Figure: Three Mice Active in Cage over A3038 Animal Location Tracker. Click for video.

[13-MAY-26] One of the four mice died in the past week, No11. This signal showed larger and more frequent non-EMG spikes as the days went by, until in hour 122 of our study period, the EMG and activity drop down to below sleep levels. This is the moment the animal died. Thereafter, EMG power is 2-4 μV rms and activity is 1-3 cm/s. These two values obtained from a dead animal give us our noise floor for both EMG and activity recording. Even if the body generates not signal, the transmitter and small local movements combine to generate a singal of up to 4 μV amplitude, and movement of the other animals around and about the dead animal generate apparent activity of up to 3 cm/s.


Figure: Death of Mouse No11. At time 122.5 hr, EMG drops below 3 μV rms and activity drops to 1 cm/s. Thereafter, the two signals are a combination of noise and artifacts of the movements of the other animals.

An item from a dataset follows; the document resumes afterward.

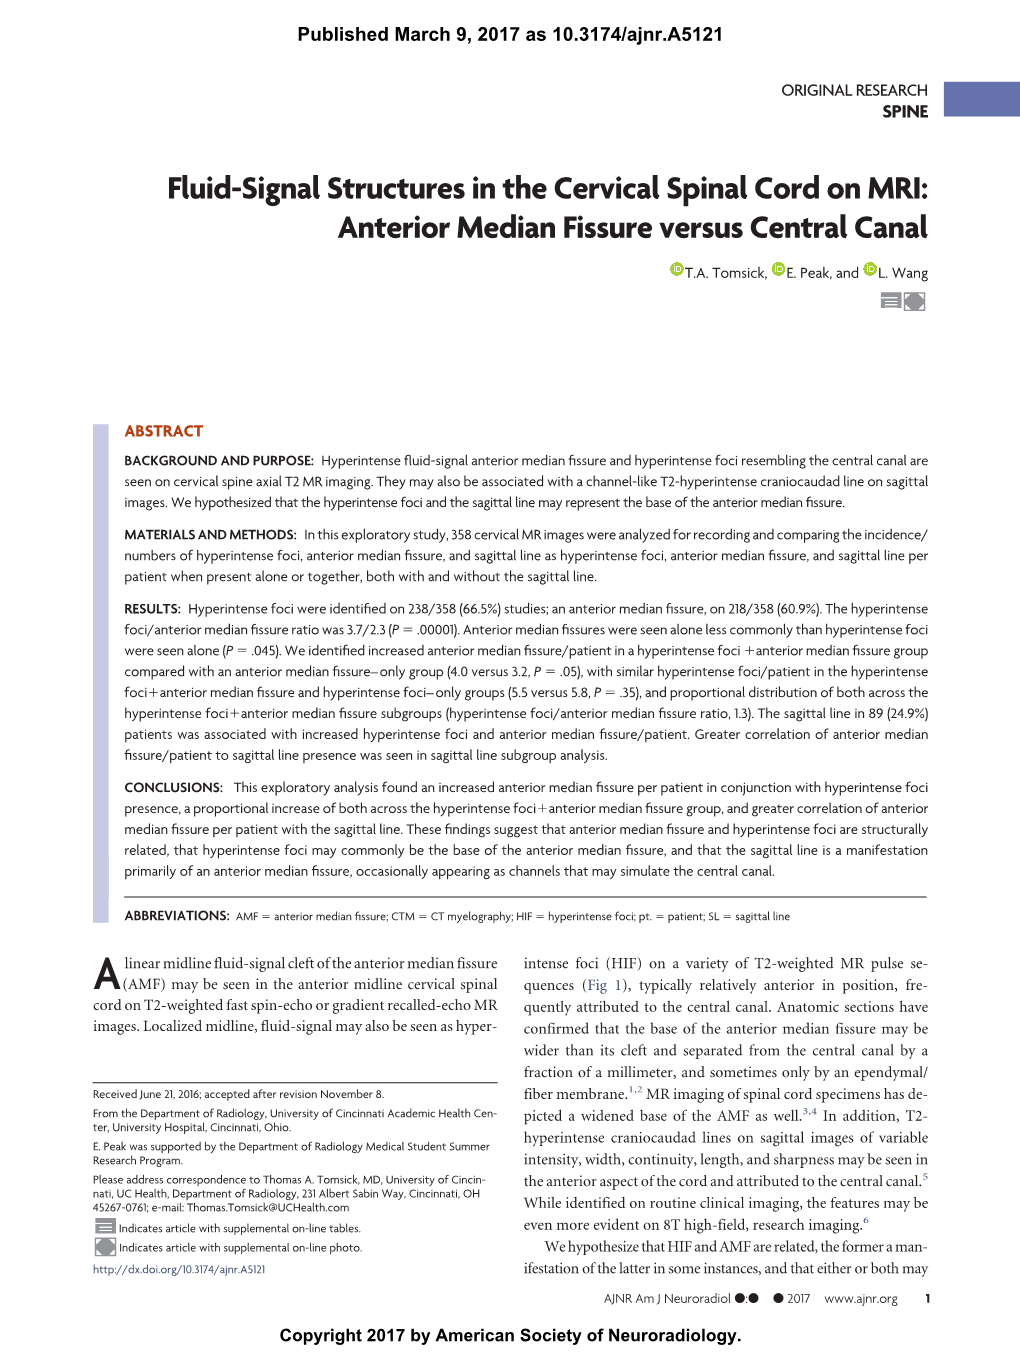 Anterior Median Fissure Versus Central Canal

We have been band-pass filtering our EMG to 30-120 Hz before calculating amplitude. The spectrum of our waking EMG starts to rise at about 50 Hz and then starts to fall at 80 Hz, which is the corner frequency of the A3048S2's low-pass filter. We imaging that if we were to remove this filter, and instead let the amplifier deliver gain up to the limit of its operational amplifiers, which is about 600 Hz, we would see significantly more EMG power, although we are not sure how much more: perhaps double the amplitude. We would not be sampling fast enough to see 300-Hz oscillations, but we would be sampling fast enough to measure the amplitude of 40-600 Hz oscillations. We note that in the sleeping EMG, the amplitude drops so low that we can see, below 30 Hz, the fundamental and harmonic of ECG, as well as the fundamental of respiration.


Figure: Resting and Sleeping EMG Spectrum. Left: Resting awak. Right: Sleeping. We show the full 0-128 Hz spectrum of 256 SPS signal. Each horizontal division is 12.8 Hz. Each vertical division is 1.8 μV in component amplitude. Note the drop off in power above 80 Hz due to our 80-Hz low-pass filter.